Most intriguing of all, though, is the man who narrates the whole story. We know he's the one of the three who survived, but until the end we don't know his name - a tricky bit of manipulation that works better than such tricks usually do.
Partly that's because John Greiner-Ferris (who also plays Doug's father, the boys' coach, and an Army recruiter) invests the narrator with a gruff, believable forthrightness; we feel as if we know the guy without needing to know his name. And partly it's because the play doesn't waste a lot of effort teasing us about his identity. We know that we don't know, we know that we'll find out eventually, and mostly we're just allowed to be sad that only one of the boys will get to grow up to be this man.
The three playwrights - Barry Brodsky, Eric Small, and Dean B. Kaner - deserve applause for handling this device so adroitly. It's even more remarkable that they did it at a distance: Brodsky is local, but the others live out west, and the three collaborated by e-mail, not around a table. Though the process may have been complicated, it has resulted in a solid, engaging story.
"The Boys of Winter" is still rough around the edges; the dialogue too often devolves into paragraph-long passages of exposition, with the characters filling us in on key information by telling each other things they already know. Judicious trimming would also make them sound more consistently like real people than like ideas in clothing.

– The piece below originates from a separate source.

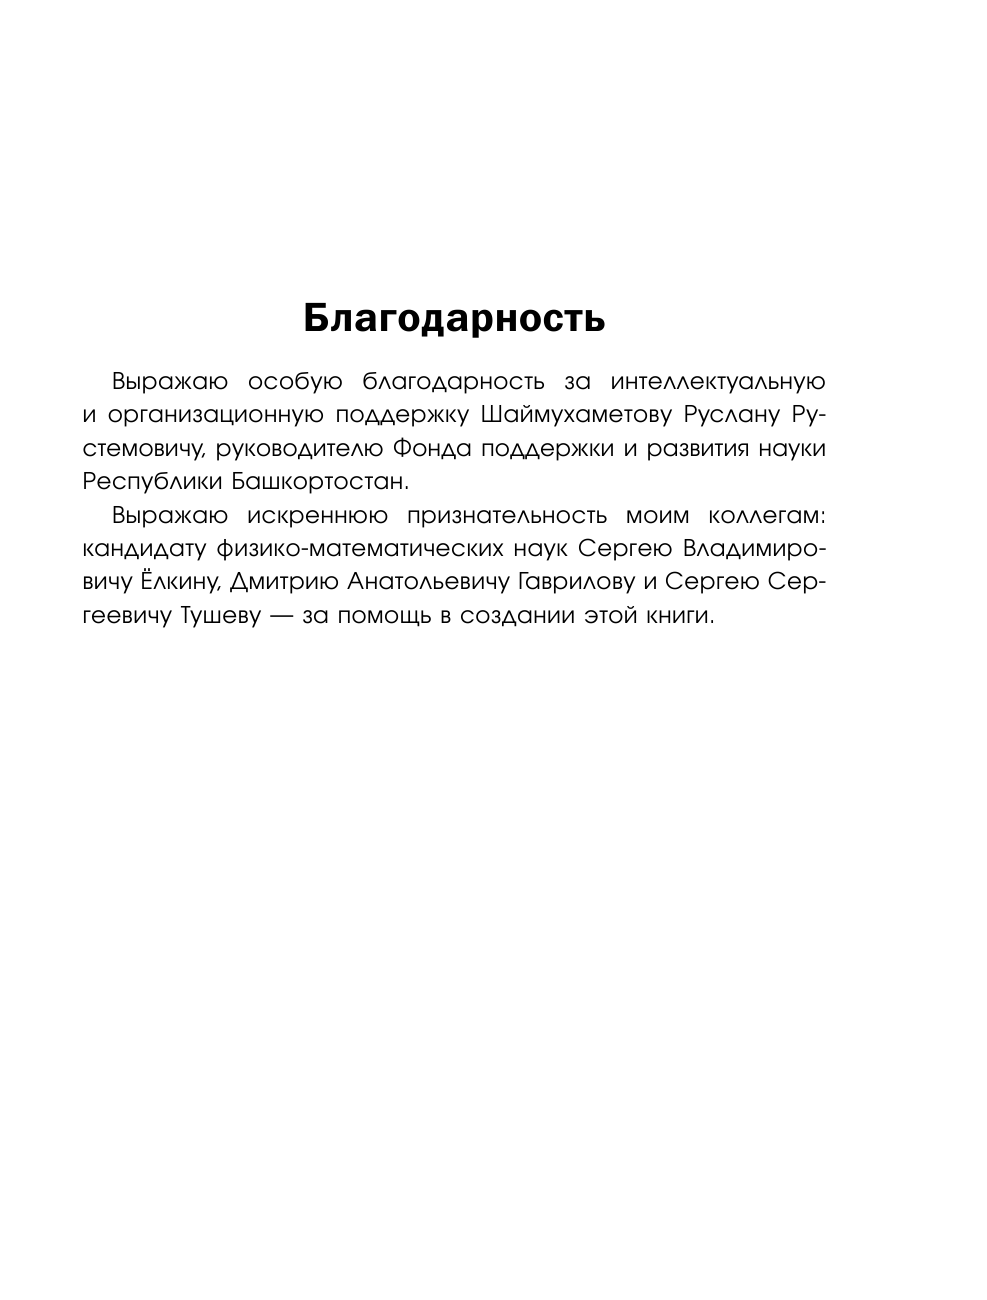 Вассерман Анатолий Александрович, Латыпов Нурали Нурисламович 4.51 стратагемы для Путина - страница 3

But there are enough moments of real feeling, and powerful insights into the complicated ways in which men's vulnerabilities lead them to act invulnerable by heading to war, to make up for these flaws. When our country is embroiled in another conflict born of fear, it feels especially valuable to have a war story like "The Boys of Winter" - a real war story, not a heroic fable - to show us how much fear can cost.